Он выдержал паузу. Я тоже не спешил что-либо говорить. Если эти двое надеются, что начну упрашивать, ждать им придётся непомерно долго.
— Однако, — продолжил Сабуров, — больнице дозволено иметь при себе лекарей сверх штата. Это звание без жалованья, без прав и без выгод. Трудиться станете под началом Карла Фёдоровича, на его условиях, до первого нарекания. Про среду вашу я также помню. Если больному, которого вы изволили лечить кухней, легче не станет… мы можем пересмотреть вопрос вашего принятия, — он сложил пальцы перед собой. — Угодно вам такое предложение или дворянская гордость не позволит?
Победа. Рабочее место я получить всё же могу, но… Вопрос денег не решён.
Долги предшественника, ноль рублей жалованья и кров из милости у Бутурлина. Любой здравомыслящий человек этого века встал бы и откланялся.
Но мне предлагали возможность. Больных, палаты, практику и право находиться там, где я нужен. Всё остальное приложится, деньги в том числе. Возможность дороже.
— Угодно, — кивнул я. — Когда приступать?
— А вы уже приступили, — отозвался от окна Мейер. — С утра ещё.
Вскоре я покинул кабинет, и Карл Фёдорович нагнал меня уже в коридоре.
— Слова своего я, заметьте, не нарушил, — проворчал он с глубоким удовлетворением. — Как обещано было, так и вышло. Лекарем вы у нас не стали.
— Не стал, — согласился я. — Но за предоставленную возможность благодарю.
Правда, должность моя отныне называлась «никто при больнице». Платить мне не будут, в бумагах меня нет, выгнать меня можно одним словом. Но это — только начало.
Я шёл по коридору и не мог согнать с лица ухмылку. Вот это — действительно новый опыт. Такой должности у меня ещё точно никогда не было!
— К среде чтоб сидел в постели ваш молодец, — добавил Мейер. — И про наперстянку вашу поговорим. После среды, разумеется.
У самого выхода нам навстречу шёл человек в лекарском фартуке.

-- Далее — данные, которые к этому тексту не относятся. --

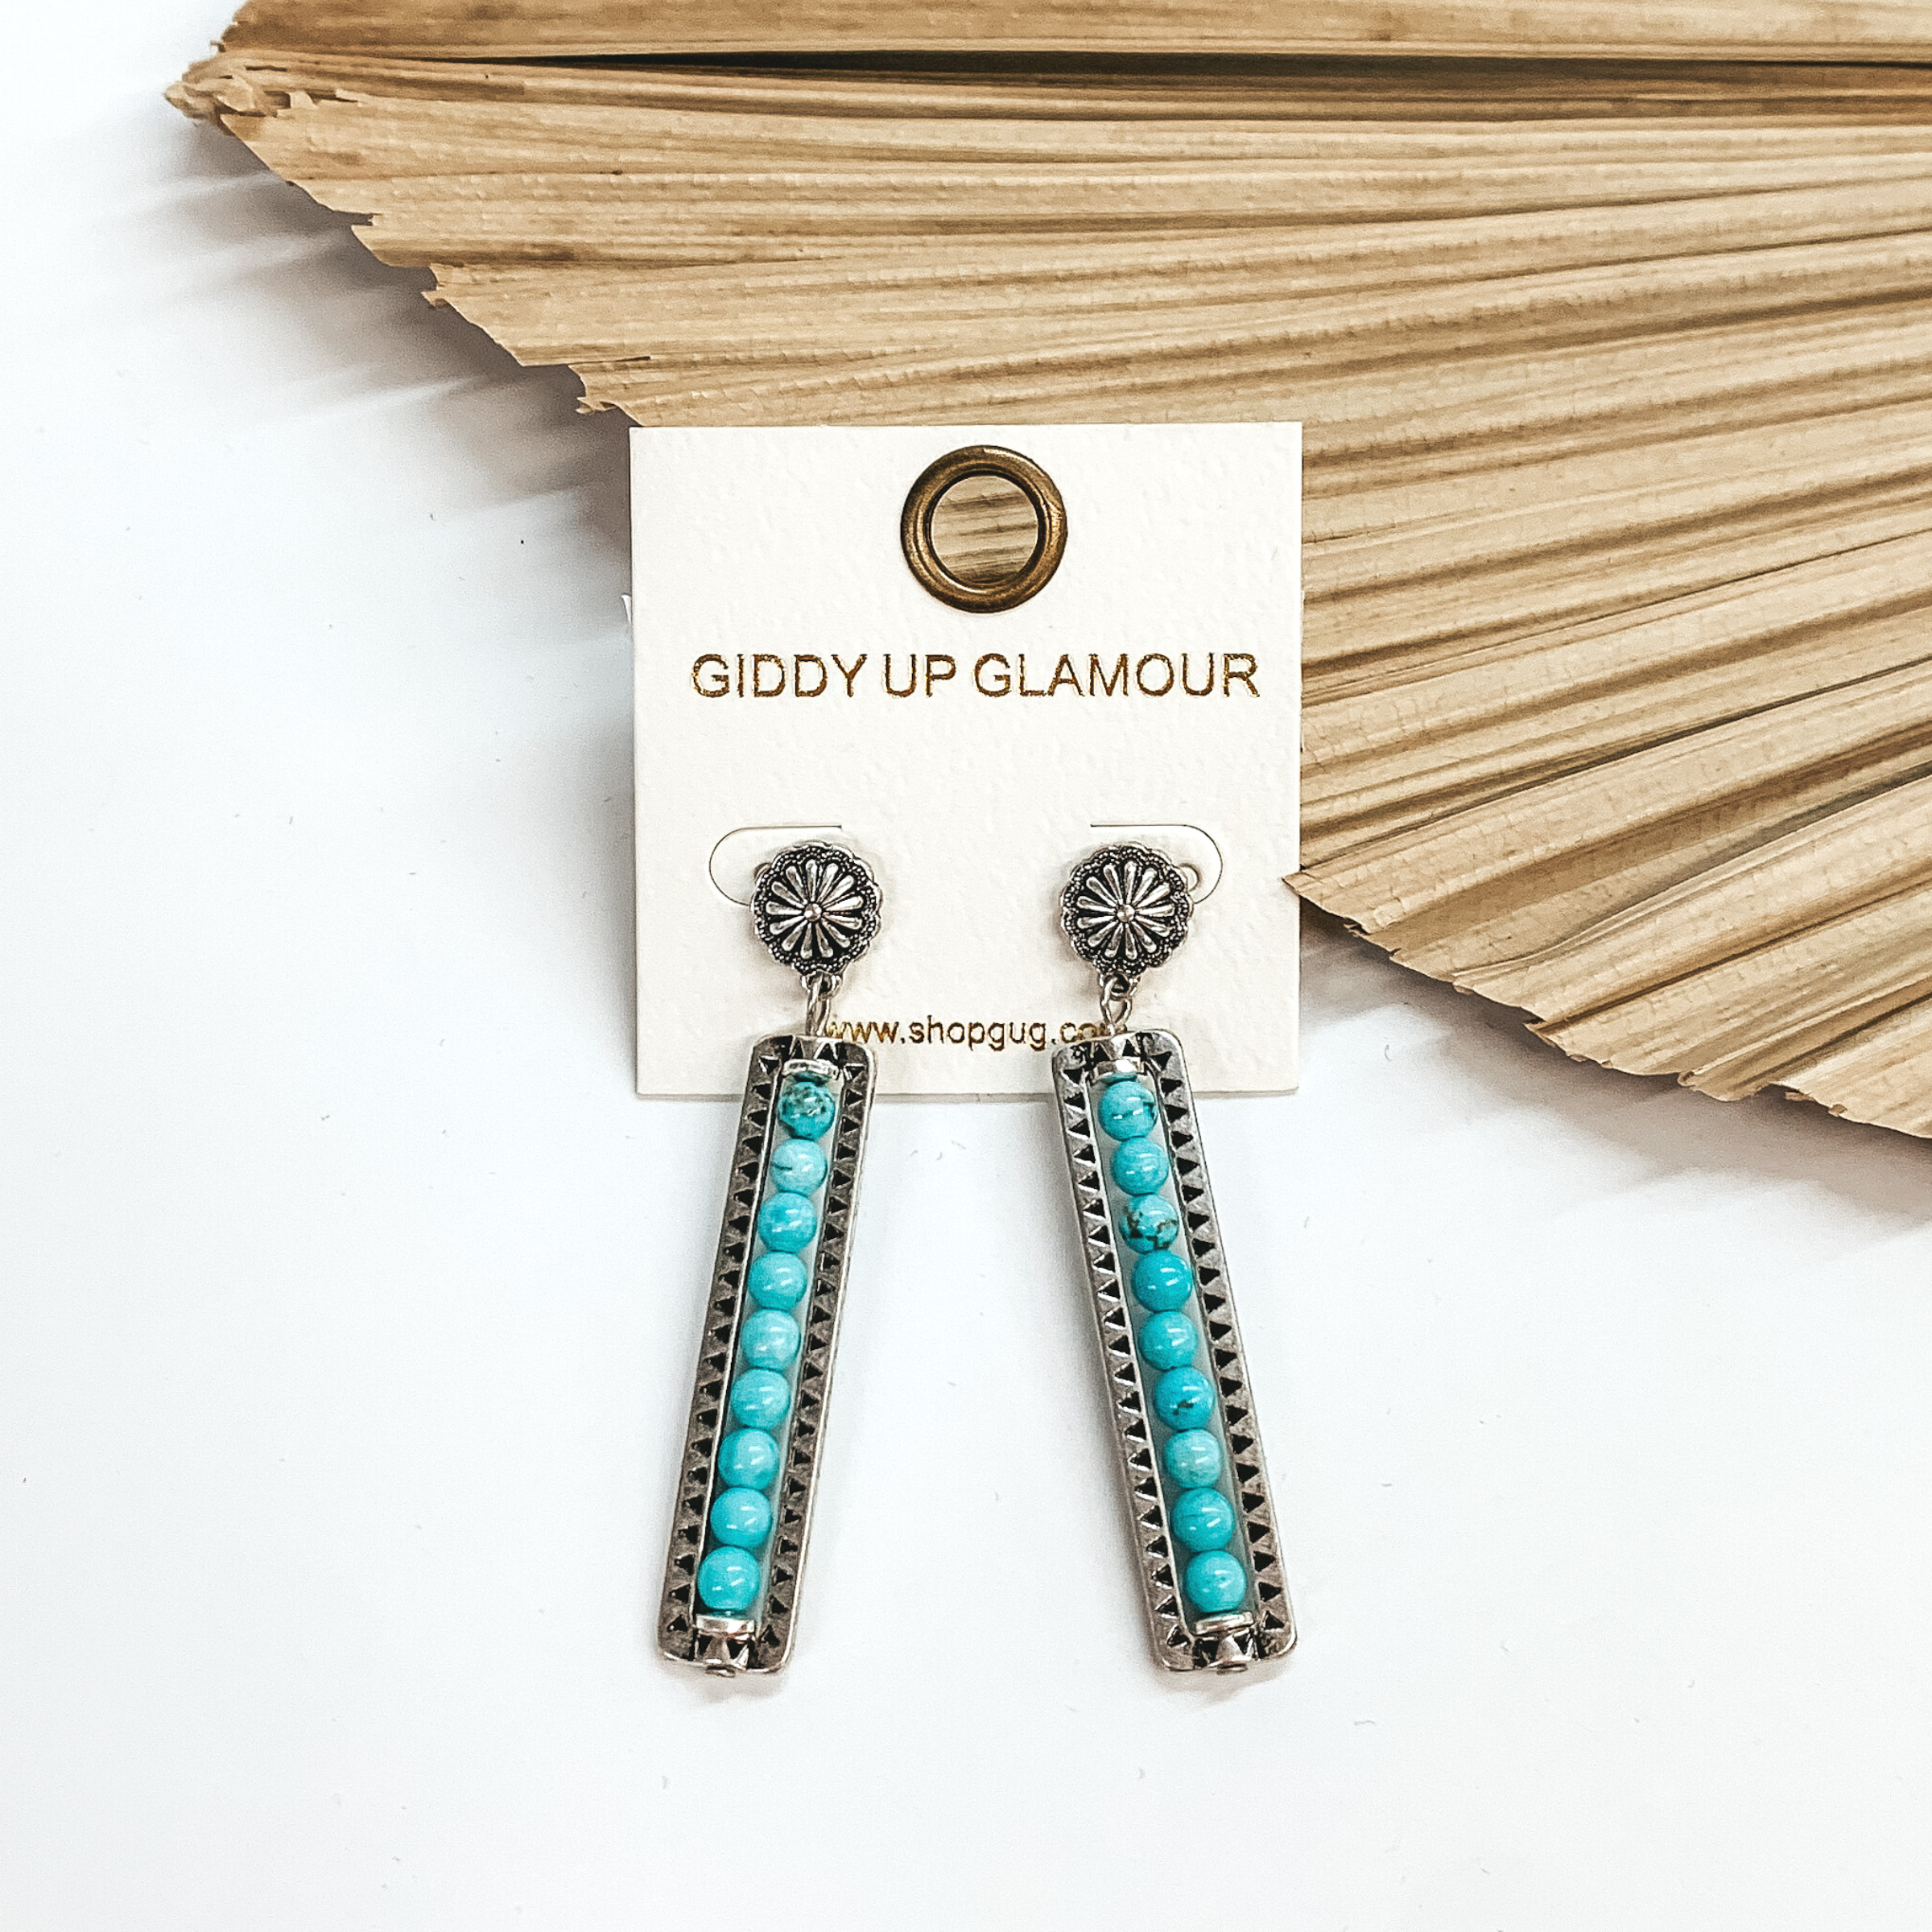 Silver small concho post earrings with a rectangle bar drop with  stone beads in turquoise and black detailing.  These earrings are taken leaning up  against a dried up palm leaf and a white background.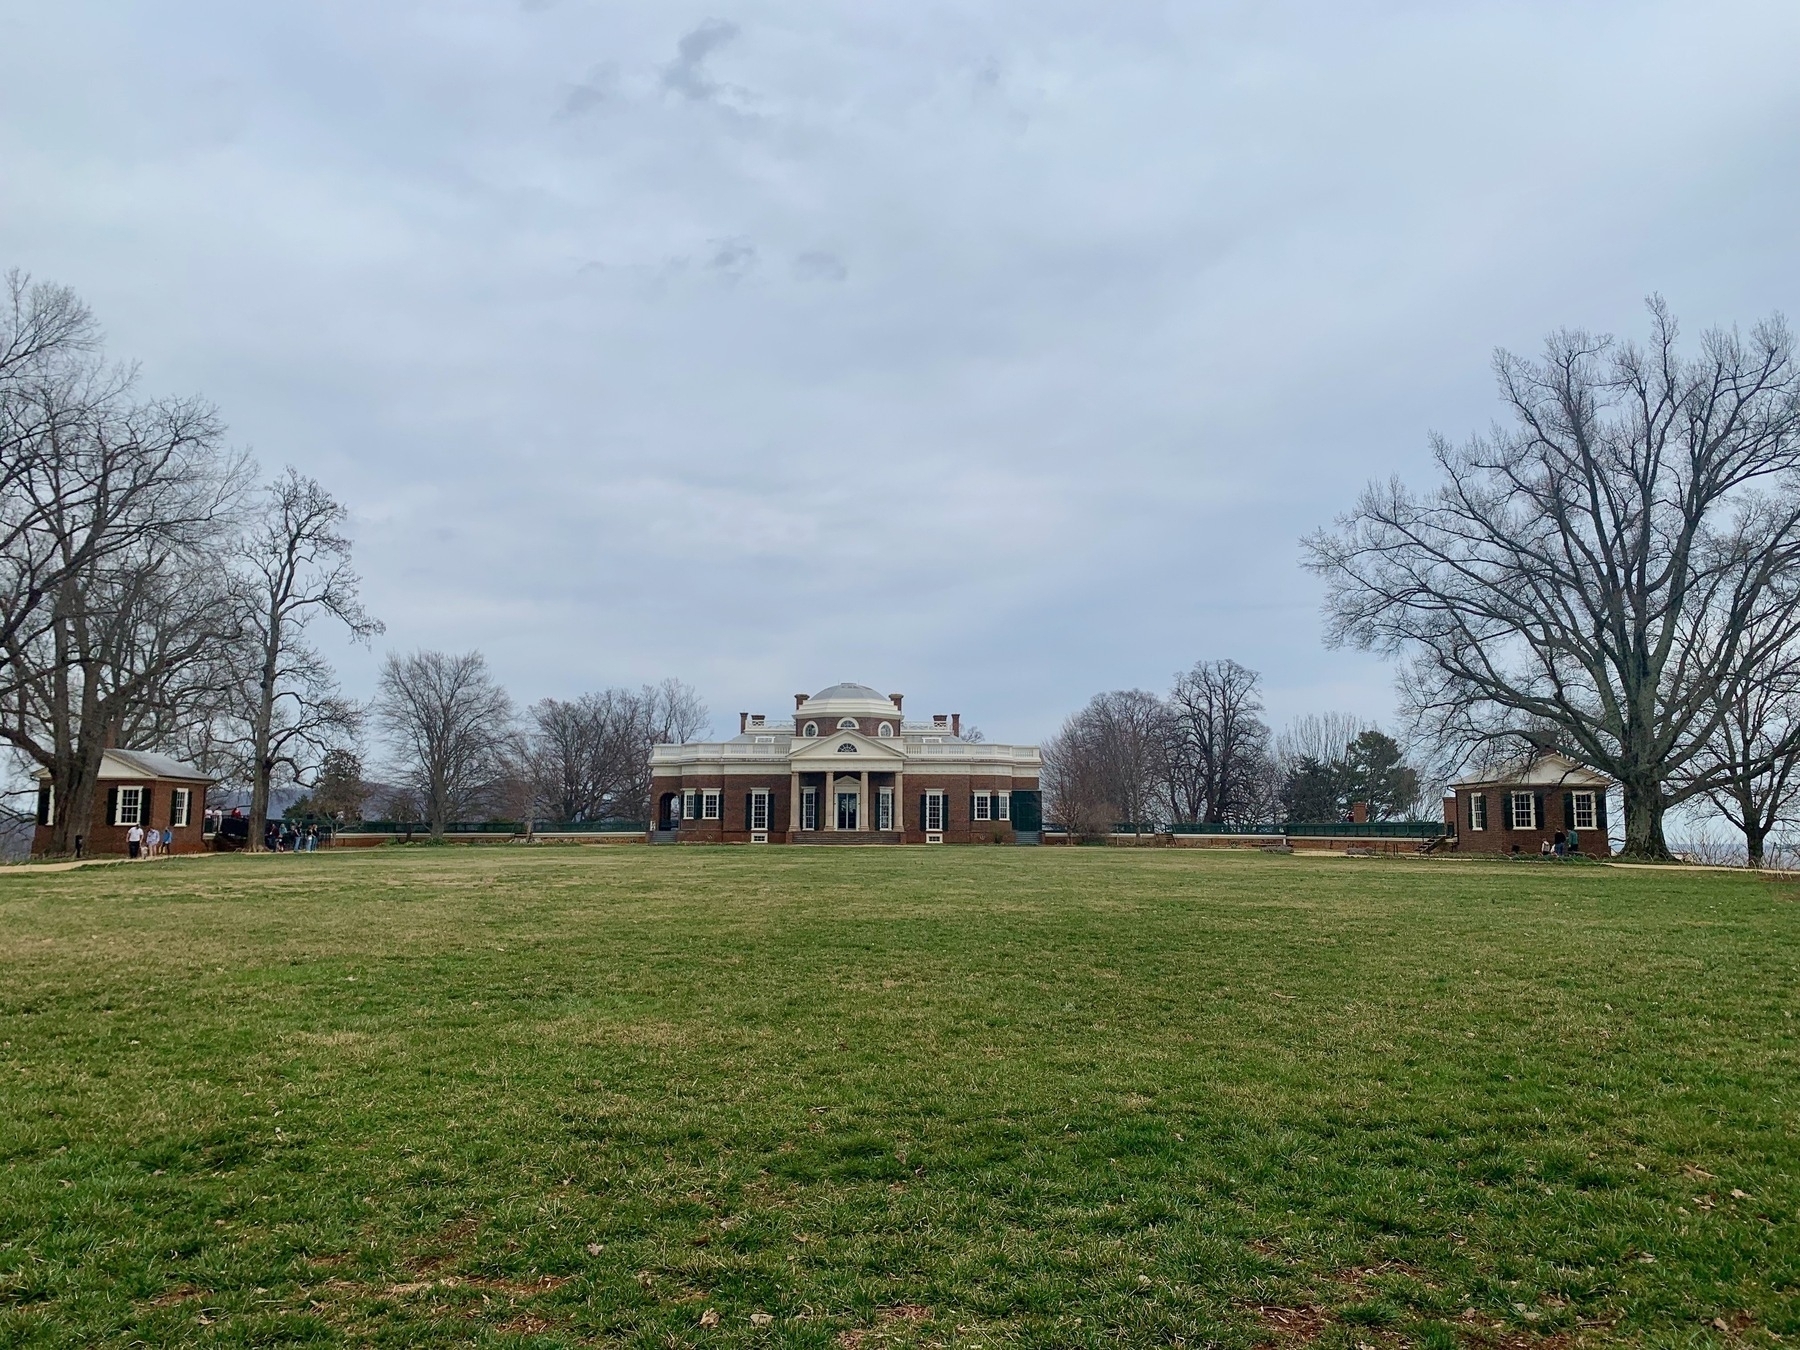 A view of Monticello from across the front lawn.

Шёл он быстро, читая на ходу какую-то бумагу. Я успел рассмотреть незнакомца раньше, чем он меня заметил. Лет тридцати пяти, сухощавый, лицо умное, но одна только мимика его намекает, что сам по себе этот человек неприятный.
Я заметил, что над левой бровью у него был свежий рубец с точками от недавно снятых швов. А стежки положены аккуратно, рука у шившего твёрдая. Кто-то хорошо постарался.
И только потом я понял, на что смотрю. А точнее — на кого!
Он поднял глаза от бумаги. Увидел меня. Остановился так резко, что его обувь подняла пыль. Лицо его сделалось белым.
— Знакомьтесь, — начал Мейер. — Наш штатный лекарь, Иван Георгиевич Штосс. А это, Иван Георгиевич, наш новый сверхштатный…
Он осёкся. Видимо, понял, что мы видим друг друга не в первый раз…
— Мы знакомы, — проговорил Штосс. — Близко знакомы. Не правда ли, господин Салтыков?